Forfeitures are not favored at law and will only be decreed where the provision therefor is clear and specific. Waggoner Estate v. Sigler Oil Co., 118 Tex. 509, 19 S.W. (2d) 27, and authorities there cited. “The authority to forfeit a vested right or estate,” says Judge Stayton, in Benavides v. Hunt, 79 Tex. 392, 15 S. W. 396, 399, “should not rest in provisions whose meaning is uncertain and obscure. It should be found only in language which is plain and clear — whose unequivocal character may render its exercise fair and rightful.” Decker v. Kirlieks, 110 Tex. 94, 216 S. W. 385, 386.

This rule of construction is universally applied to oil leases. It must therefore be held that, if this contract is fairly susceptible of two interpretations, it should be so construed as to prevent a forfeiture of the rights granted thereunder. Adams v. Fidelity Lumber Co. (Tex. Civ. App.) 201 S. W. 1034; Decker v. Kirlicks, 110 Tex. 94, 216 S. W. 385, 386.

Nor will a liberal construction be given the provisions of the lease if to do so will cause a forfeiture of the rights secured thereby. South Texas Tel. Co. v. Huntington, 104 Tex. 350, 136 S. W. 1053, 138 S. W. 381.

It is manifest, we think, that the execution of the second lease was for the sole purpose of modifying the royalty provision contained therein. Under the first lease the lessee was required to pay a royalty of one-eighth of the oil produced from wells producing less than ten barrels per day, one-sixth from those producing between ten and fifteen barrels, and one-fourth on all wells producing in excess of fifteen barrels per day. The new lease merely provided for the usual one-eighth royalty on all oil produced from the premises.
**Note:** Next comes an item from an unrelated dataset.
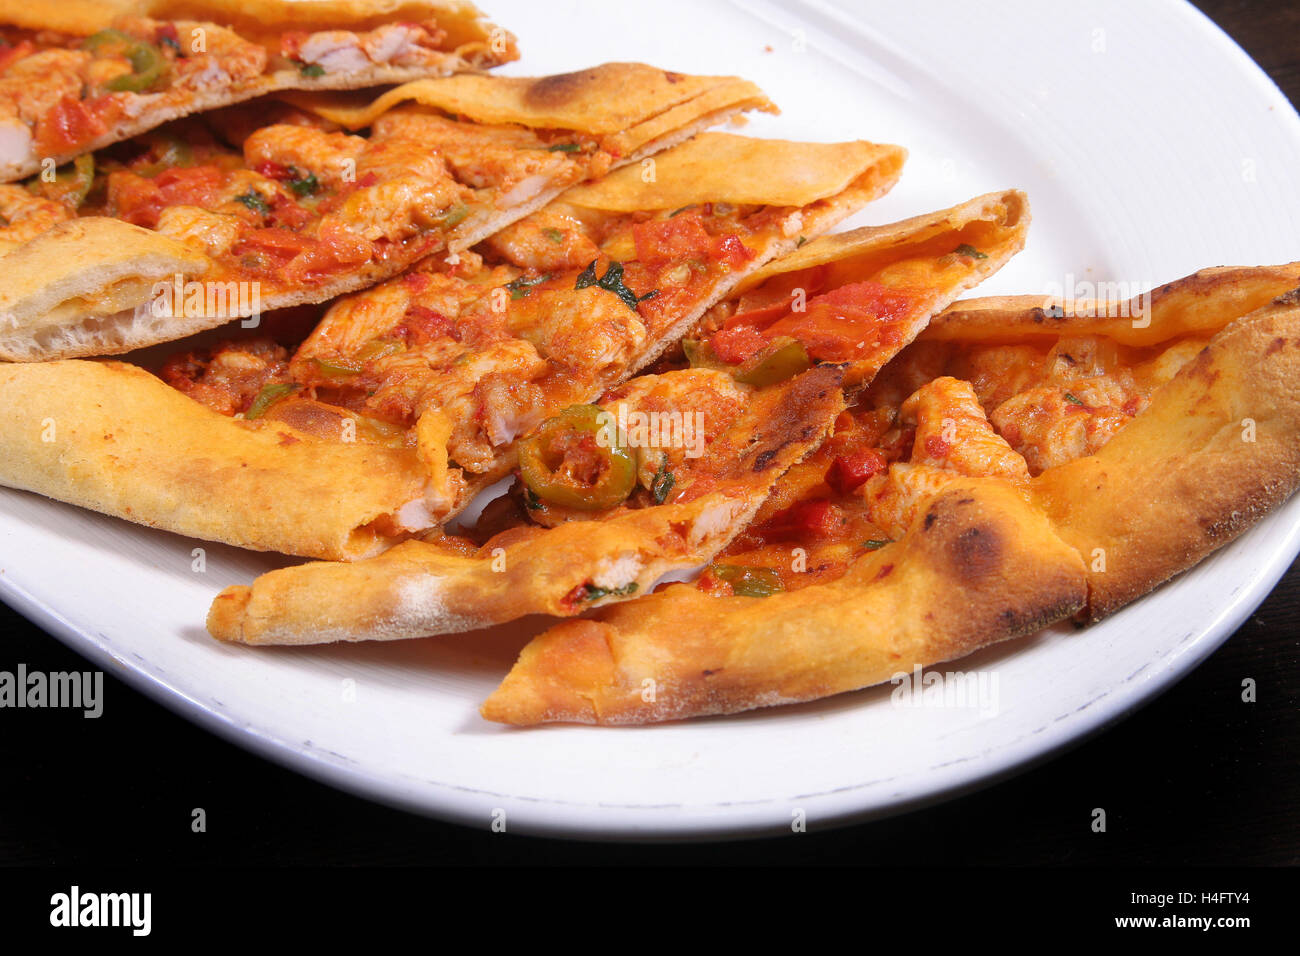 Turkish pizza (pide) with chicken cubes Stock Photo

This view is strongly reinforced by the fact that the parties left blank the usual clauses in the form 88 lease providing for a termination of the lease by failure of the lessee to drill or pay rentals during the five-year period.

We agree with the conclusion expressed by the Court of Civil Appeals that the lease under consideration, while it does not require, in express terms, the drilling of any additional wells, clearly does so by implication. Therefore the lessee rests under an obligation to develop said land with reasonable diligence for the production of oil and gas. As long, however, as he produces oil or gas in paying quantities from the leased premises, his rights are not subject to forfeiture. If he should fail to comply with the implied covenant to develop the land, the lessor’s remedy would be an action to recover such damages as he may be able to show he has sustained by reason of the lessee’s default. Texas Pacific Coal & Oil Co. v. Barker, 117 Tex. 418, 6 S.W. (2d) 1031, 1035, 60 A. L. R. 936; Freeport Sulphur Co. v. American Royalty Co., 117 Tex. 439, 6 S.W.(2d) 1039,. 1045, 60 A. L. R. 890; Waggoner Estate v. Sigler Oil Co., supra.

We recommend the judgment of the Court of Civil Appeals be reversed and that of the trial court affirmed.

CURETON, C. J.

Judgment of the Court of Civil Appeals is reversed, and that of the district court affirmed, as recommended by the Commission of Appeals.